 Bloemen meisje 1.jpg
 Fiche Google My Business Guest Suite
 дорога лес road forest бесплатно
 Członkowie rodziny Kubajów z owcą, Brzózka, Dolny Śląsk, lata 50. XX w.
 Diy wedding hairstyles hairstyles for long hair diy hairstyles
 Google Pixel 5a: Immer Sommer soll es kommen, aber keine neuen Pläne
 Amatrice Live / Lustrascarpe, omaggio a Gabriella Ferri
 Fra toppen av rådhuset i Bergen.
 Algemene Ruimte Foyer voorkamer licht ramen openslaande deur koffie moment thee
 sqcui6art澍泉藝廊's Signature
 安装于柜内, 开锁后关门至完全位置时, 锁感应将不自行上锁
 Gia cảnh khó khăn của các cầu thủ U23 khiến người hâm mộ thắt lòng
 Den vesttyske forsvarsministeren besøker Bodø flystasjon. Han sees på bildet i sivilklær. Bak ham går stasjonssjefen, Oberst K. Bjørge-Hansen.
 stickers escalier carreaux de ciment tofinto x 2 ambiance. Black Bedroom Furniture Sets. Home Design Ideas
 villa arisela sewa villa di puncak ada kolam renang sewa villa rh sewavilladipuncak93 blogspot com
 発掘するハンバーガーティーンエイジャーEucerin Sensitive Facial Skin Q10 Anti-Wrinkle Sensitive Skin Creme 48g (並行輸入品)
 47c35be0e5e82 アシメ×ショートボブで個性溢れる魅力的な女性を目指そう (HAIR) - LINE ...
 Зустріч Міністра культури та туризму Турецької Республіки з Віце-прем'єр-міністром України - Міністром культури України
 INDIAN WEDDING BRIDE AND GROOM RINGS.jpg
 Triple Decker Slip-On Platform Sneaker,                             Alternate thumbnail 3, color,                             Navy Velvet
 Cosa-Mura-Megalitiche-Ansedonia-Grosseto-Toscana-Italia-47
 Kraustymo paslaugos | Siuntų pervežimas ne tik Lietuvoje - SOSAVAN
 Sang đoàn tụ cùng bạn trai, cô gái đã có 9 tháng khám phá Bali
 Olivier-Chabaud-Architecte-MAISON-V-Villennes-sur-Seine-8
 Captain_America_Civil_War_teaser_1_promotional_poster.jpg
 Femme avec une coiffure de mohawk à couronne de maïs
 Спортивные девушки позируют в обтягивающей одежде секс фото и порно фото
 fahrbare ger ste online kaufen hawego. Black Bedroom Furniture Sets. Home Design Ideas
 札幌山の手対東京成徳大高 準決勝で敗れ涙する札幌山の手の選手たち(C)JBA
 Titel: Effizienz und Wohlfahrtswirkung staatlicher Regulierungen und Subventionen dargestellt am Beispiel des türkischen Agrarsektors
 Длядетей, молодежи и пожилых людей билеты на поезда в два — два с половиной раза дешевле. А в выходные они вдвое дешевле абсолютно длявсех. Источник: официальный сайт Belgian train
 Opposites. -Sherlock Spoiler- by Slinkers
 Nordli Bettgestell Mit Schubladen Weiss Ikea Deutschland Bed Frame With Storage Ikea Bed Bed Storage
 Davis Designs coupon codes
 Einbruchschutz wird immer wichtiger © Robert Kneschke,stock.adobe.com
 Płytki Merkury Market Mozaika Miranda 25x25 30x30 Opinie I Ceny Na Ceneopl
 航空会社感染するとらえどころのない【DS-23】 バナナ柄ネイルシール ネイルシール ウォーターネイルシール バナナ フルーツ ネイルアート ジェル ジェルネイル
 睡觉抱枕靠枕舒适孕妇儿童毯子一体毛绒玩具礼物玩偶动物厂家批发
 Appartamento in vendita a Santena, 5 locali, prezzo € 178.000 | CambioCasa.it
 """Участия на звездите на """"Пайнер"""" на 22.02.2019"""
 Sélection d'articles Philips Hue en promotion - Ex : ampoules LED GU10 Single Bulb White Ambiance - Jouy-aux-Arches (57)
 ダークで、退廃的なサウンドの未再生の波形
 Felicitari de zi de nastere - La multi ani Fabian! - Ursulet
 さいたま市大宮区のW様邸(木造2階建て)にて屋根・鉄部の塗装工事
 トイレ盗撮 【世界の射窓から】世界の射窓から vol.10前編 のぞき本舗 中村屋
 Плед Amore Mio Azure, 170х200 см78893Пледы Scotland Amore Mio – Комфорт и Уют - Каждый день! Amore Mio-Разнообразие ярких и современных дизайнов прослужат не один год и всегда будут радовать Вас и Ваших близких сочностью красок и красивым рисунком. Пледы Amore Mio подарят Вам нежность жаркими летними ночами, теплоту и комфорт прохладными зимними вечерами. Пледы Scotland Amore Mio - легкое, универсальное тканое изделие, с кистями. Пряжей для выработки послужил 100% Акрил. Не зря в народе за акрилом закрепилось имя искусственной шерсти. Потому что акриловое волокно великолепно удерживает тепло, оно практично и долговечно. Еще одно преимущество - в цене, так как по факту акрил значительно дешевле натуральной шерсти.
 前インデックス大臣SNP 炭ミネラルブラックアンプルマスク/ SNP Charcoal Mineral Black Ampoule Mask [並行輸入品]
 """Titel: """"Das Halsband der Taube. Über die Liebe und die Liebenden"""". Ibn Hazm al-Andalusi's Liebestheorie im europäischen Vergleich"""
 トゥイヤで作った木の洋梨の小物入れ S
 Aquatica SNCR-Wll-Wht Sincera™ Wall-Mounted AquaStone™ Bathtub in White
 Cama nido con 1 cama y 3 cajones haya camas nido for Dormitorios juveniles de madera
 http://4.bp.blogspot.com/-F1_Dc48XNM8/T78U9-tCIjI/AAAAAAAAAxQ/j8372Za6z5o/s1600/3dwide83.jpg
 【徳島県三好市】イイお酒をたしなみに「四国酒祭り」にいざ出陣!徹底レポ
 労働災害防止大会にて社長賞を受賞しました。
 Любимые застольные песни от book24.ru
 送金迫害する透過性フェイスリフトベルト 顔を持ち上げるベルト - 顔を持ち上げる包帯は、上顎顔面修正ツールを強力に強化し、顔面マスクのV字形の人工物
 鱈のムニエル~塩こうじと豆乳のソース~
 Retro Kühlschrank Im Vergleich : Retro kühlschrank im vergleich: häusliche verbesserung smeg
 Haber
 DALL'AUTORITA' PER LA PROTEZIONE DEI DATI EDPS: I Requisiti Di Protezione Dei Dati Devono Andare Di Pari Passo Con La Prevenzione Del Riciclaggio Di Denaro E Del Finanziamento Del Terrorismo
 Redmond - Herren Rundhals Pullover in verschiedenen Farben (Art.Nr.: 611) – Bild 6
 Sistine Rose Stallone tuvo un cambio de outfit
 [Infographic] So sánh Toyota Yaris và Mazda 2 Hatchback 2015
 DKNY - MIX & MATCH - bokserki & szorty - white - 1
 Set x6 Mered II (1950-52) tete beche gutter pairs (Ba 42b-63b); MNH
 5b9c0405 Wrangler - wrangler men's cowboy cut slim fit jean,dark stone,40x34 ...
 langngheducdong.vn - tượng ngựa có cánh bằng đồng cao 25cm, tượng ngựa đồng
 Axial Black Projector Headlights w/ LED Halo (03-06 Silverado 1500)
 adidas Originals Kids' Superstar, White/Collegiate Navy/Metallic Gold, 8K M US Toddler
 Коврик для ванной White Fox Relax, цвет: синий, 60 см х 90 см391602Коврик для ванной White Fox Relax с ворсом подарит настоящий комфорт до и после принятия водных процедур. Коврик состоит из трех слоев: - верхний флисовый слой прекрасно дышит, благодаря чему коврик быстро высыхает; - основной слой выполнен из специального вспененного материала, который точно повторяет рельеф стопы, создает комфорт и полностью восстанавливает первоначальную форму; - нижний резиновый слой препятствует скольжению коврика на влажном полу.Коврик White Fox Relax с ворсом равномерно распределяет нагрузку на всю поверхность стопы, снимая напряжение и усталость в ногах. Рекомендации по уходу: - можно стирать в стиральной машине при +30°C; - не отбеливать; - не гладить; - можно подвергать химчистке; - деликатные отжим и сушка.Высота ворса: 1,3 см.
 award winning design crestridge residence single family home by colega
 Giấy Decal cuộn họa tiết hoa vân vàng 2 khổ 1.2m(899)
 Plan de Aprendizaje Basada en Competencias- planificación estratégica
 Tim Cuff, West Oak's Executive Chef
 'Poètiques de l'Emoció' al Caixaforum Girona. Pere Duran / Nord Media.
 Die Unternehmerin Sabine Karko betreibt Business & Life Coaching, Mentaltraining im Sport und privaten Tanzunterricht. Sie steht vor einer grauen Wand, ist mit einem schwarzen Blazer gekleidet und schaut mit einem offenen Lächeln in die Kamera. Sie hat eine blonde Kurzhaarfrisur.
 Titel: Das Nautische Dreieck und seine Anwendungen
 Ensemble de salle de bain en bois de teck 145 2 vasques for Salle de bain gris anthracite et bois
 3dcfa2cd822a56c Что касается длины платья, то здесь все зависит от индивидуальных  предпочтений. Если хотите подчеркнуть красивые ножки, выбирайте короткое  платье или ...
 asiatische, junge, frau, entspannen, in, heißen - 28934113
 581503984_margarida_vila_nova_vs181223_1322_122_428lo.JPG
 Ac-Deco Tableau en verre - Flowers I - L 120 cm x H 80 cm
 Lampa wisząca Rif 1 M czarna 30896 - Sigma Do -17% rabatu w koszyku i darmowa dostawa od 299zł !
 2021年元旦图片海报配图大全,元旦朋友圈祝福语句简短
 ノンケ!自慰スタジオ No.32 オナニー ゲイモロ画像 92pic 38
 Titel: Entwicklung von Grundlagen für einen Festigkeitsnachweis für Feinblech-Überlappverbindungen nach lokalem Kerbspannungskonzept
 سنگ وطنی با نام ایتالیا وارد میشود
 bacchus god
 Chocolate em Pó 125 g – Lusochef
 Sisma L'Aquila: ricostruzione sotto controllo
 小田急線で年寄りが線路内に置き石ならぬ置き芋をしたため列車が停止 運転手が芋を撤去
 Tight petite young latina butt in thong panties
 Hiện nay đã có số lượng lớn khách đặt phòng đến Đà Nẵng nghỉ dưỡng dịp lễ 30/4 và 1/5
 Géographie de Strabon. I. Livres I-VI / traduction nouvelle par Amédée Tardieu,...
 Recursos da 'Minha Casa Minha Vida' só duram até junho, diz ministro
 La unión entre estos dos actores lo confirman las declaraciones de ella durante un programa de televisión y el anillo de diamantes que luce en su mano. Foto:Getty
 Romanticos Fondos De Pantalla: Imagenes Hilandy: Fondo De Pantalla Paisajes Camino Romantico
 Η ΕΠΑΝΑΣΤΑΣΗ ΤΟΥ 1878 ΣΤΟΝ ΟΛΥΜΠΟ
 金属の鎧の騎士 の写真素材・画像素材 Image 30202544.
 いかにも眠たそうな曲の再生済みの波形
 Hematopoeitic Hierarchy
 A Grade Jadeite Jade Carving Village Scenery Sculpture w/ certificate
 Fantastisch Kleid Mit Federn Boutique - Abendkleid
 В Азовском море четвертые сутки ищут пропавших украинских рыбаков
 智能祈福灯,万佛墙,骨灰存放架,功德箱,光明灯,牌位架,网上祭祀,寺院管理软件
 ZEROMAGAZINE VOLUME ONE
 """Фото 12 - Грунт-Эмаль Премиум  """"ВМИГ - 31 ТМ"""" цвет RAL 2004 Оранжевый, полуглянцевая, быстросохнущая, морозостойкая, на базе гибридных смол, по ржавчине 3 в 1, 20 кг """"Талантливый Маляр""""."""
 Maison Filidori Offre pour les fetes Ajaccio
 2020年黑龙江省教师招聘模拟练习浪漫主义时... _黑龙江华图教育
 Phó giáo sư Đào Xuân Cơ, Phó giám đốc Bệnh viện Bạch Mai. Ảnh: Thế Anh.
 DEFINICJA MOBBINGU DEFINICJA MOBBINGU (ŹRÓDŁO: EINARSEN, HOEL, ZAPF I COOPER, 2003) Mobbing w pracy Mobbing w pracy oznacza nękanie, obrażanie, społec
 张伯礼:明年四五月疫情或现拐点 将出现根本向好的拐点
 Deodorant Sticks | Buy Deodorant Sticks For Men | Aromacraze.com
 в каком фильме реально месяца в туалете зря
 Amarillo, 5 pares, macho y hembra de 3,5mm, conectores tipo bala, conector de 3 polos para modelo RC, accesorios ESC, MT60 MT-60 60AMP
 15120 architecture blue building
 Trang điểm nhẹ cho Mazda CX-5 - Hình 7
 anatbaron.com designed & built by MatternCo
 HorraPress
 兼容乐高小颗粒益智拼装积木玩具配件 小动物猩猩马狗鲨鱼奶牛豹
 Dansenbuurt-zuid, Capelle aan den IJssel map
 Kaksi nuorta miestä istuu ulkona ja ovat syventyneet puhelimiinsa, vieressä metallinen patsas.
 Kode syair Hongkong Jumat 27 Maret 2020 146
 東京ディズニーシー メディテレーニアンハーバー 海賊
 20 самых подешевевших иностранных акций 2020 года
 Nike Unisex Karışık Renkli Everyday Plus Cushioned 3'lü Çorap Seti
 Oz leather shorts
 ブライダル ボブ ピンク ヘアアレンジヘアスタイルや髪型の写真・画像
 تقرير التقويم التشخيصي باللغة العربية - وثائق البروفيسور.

- _ACTIVITY_
Set down, from the entries above, exactly the lines from the one with "Hiện nay đã" up to and including the one with "Recursos da 'Minha", and no other lines.

- _WRITTEN RESPONSE_
 Hiện nay đã có số lượng lớn khách đặt phòng đến Đà Nẵng nghỉ dưỡng dịp lễ 30/4 và 1/5
 Géographie de Strabon. I. Livres I-VI / traduction nouvelle par Amédée Tardieu,...
 Recursos da 'Minha Casa Minha Vida' só duram até junho, diz ministro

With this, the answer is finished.